Cárteles mexicanos lideran tráfico de fentanilo y metanfetamina hacia EU: JIFE
La JIFE alertó que los cárteles mexicanos son los principales proveedores de fentanilo y metanfetamina hacia Estados Unidos. El organismo advirtió que el tráfico de drogas sintéticas sigue creciendo y alimenta la crisis de sobredosis.
Los cárteles mexicanos se mantienen como los principales proveedores de fentanilo y metanfetamina que llegan al mercado de Estados Unidos, según advirtió la Junta Internacional de Fiscalización de Estupefacientes (JIFE) en su más reciente informe.
El organismo alertó que estas organizaciones criminales han consolidado su capacidad para producir y traficar drogas sintéticas a gran escala, lo que ha agravado la crisis de sobredosis en territorio estadounidense.
De acuerdo con el reporte, los grupos delictivos en México dominan la fabricación de drogas sintéticas gracias al acceso a precursores químicos, muchos de los cuales provienen de Asia. Estas sustancias permiten producir grandes cantidades de narcóticos en laboratorios clandestinos y facilitan su traslado hacia el norte del continente.
El informe señala que el fentanilo representa actualmente la mayor amenaza en el mercado de opioides, debido a su alta potencia y bajo costo de producción. Esta combinación ha impulsado su expansión en Estados Unidos, donde miles de personas mueren cada año por sobredosis relacionadas con opioides sintéticos.
Producción y tráfico dominados por cárteles
La JIFE identifica a México como un punto clave en la cadena global de producción de drogas sintéticas. Según el organismo, los cárteles han perfeccionado sus métodos de fabricación y distribución, lo que les permite mantener un flujo constante de sustancias ilegales hacia Estados Unidos.
Entre las organizaciones criminales que operan en este mercado destacan grupos como el Cártel de Sinaloa y el Cártel Jalisco Nueva Generación, señalados por autoridades internacionales como actores centrales en el tráfico de fentanilo y metanfetamina. Estas organizaciones cuentan con redes logísticas que abarcan desde la importación de químicos hasta la distribución en ciudades estadounidenses.
El reporte advierte que los grupos criminales han incrementado la pureza de las sustancias y han diversificado sus métodos de ocultamiento. Esto dificulta las tareas de interdicción por parte de las autoridades.
El fentanilo impulsa la crisis de sobredosis
La crisis de opioides en Estados Unidos se ha intensificado en los últimos años. El fentanilo, que puede ser hasta 50 veces más potente que la heroína, se ha convertido en la principal causa de muertes por sobredosis.
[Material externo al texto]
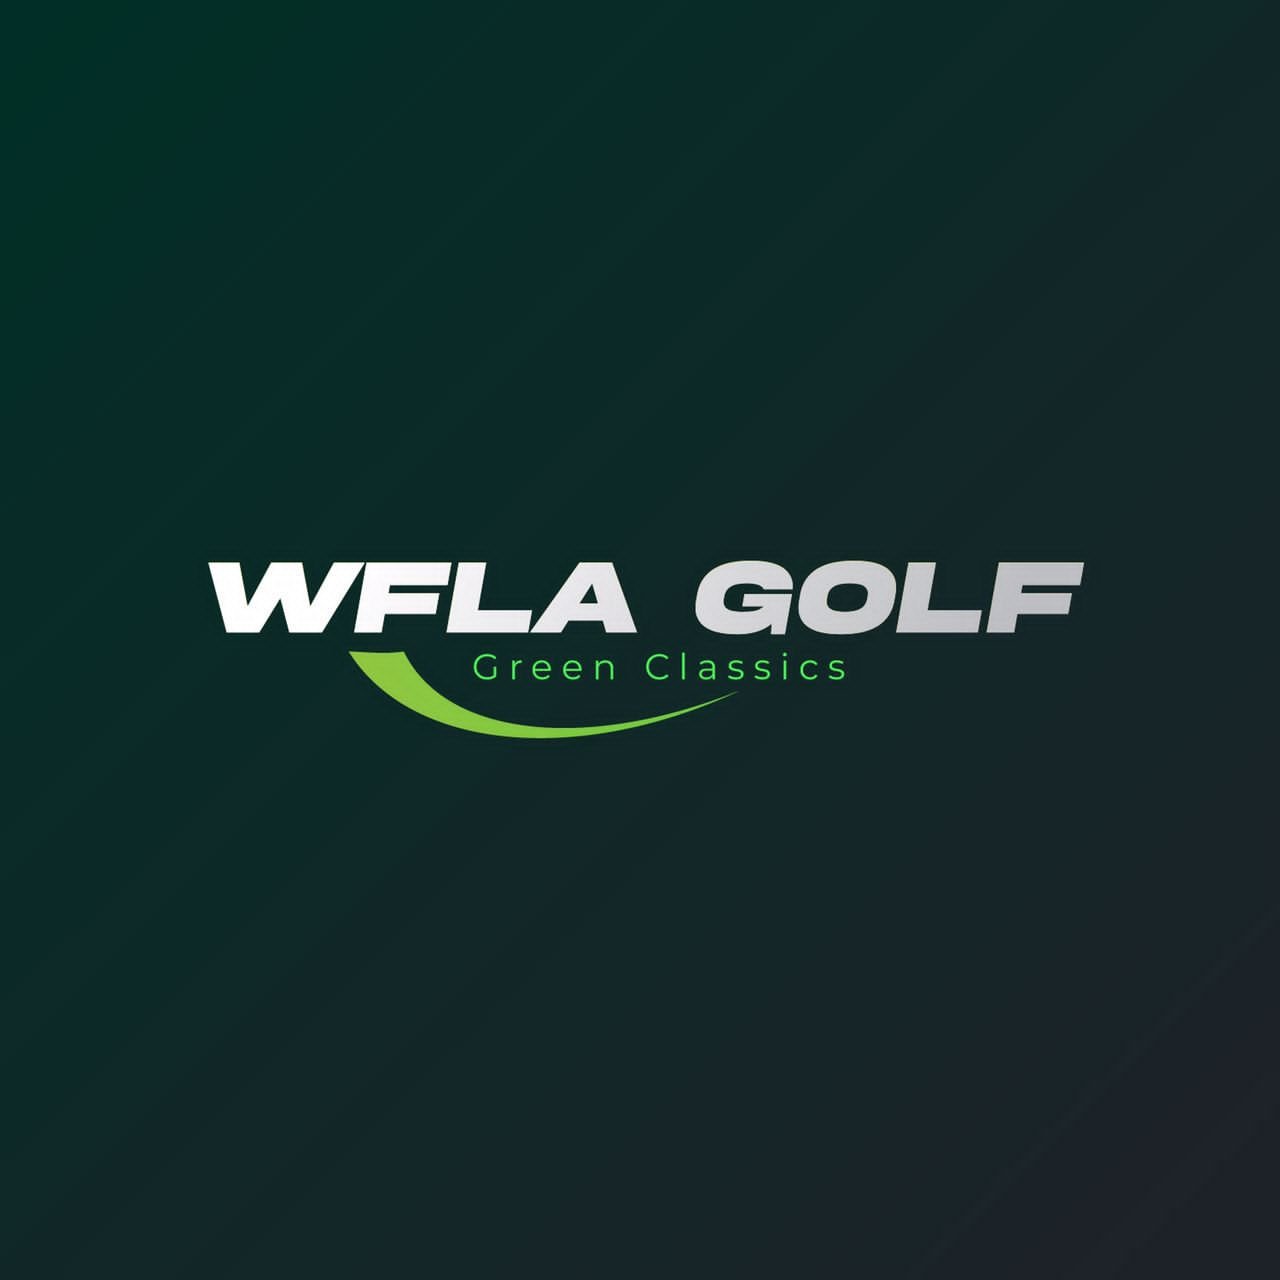 WFLA Golf tournament unveils logo

El informe destaca que muchas víctimas consumen esta sustancia sin saberlo. Los traficantes suelen mezclar fentanilo con otras drogas para aumentar su potencia, lo que eleva el riesgo de intoxicaciones mortales.
Además, la metanfetamina continúa como una de las drogas sintéticas más consumidas. Su producción en México ha crecido debido a la facilidad para obtener precursores químicos y a la alta demanda en Estados Unidos.
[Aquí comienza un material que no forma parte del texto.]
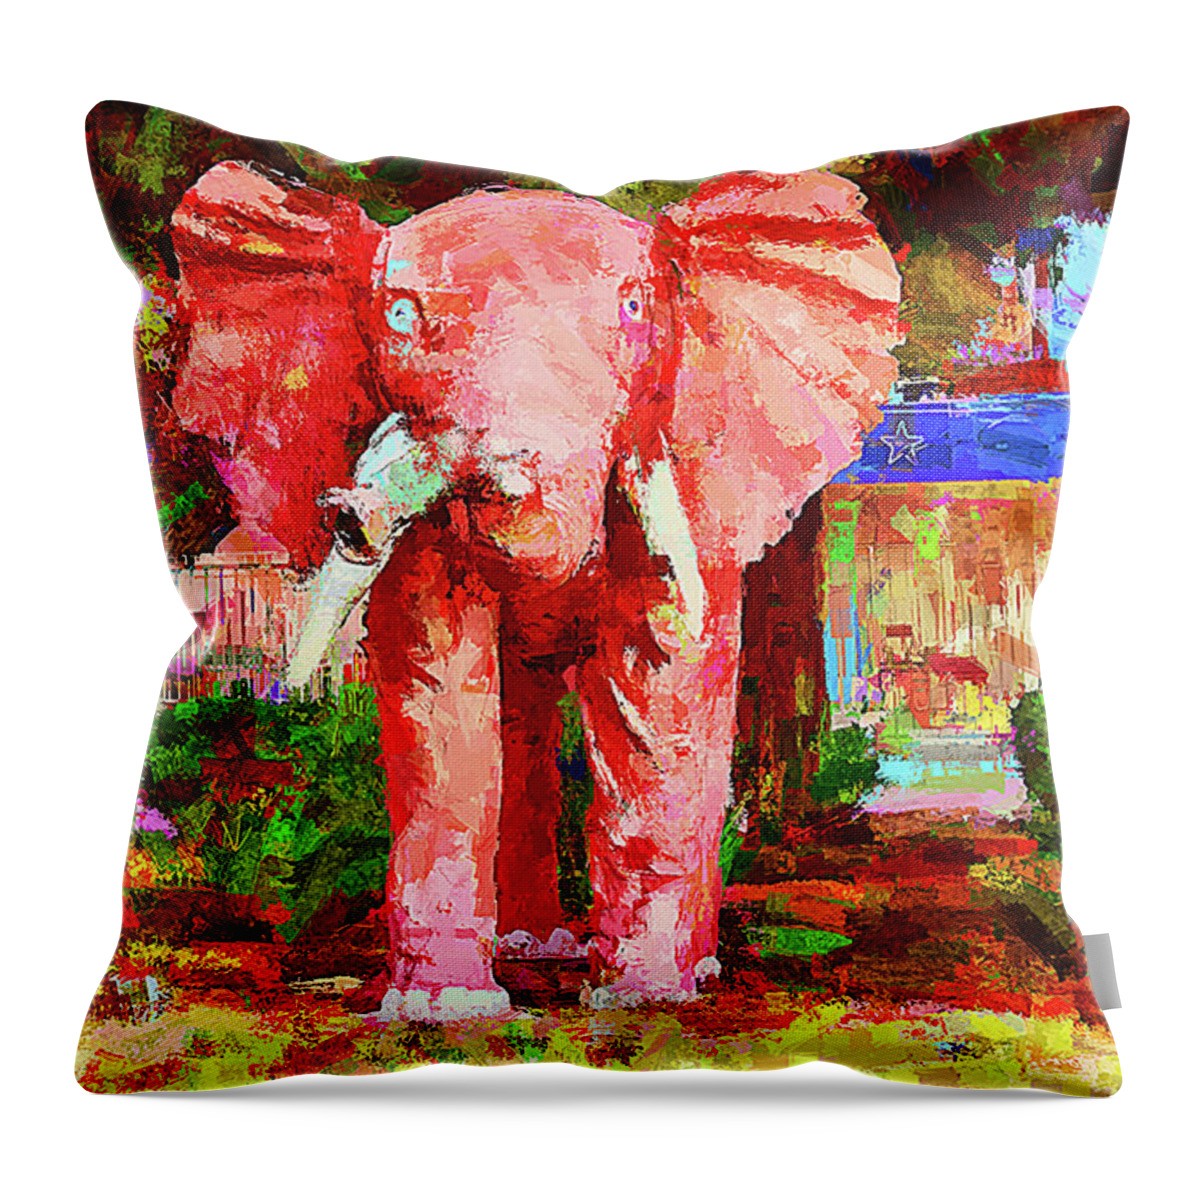 Las Vegas Throw Pillow featuring the digital art Las Vegas Pink Elephant by Tatiana Travelways

Precursores químicos, clave del problema
La JIFE subraya que el tráfico de precursores químicos representa uno de los mayores desafíos para combatir la producción de drogas sintéticas. Estas sustancias se utilizan legalmente en diversas industrias, lo que complica su control.
Muchos de estos químicos llegan a México a través de rutas comerciales internacionales. Una vez en el país, los cárteles los emplean para fabricar drogas en laboratorios clandestinos.
El organismo internacional pidió fortalecer la cooperación entre países para monitorear estas sustancias y evitar su desvío hacia actividades ilícitas.
Un problema regional
El informe también advierte que el tráfico de drogas sintéticas no solo afecta a Estados Unidos. Países de América Latina enfrentan un aumento en el consumo y la producción de estas sustancias.
La JIFE instó a los gobiernos a reforzar las estrategias de prevención y tratamiento de adicciones. También recomendó mejorar el intercambio de información entre autoridades para frenar el tráfico de drogas.
Especialistas coinciden en que la crisis del fentanilo requiere una respuesta coordinada entre México y Estados Unidos. Sin acciones conjuntas, el flujo de drogas sintéticas podría seguir creciendo en los próximos años.
El organismo concluyó que los cárteles mexicanos seguirán como actores clave en el tráfico de drogas sintéticas mientras exista una alta demanda en el mercado estadounidense. Esta dinámica, advirtió, continuará alimentando la violencia y el crimen organizado en la región.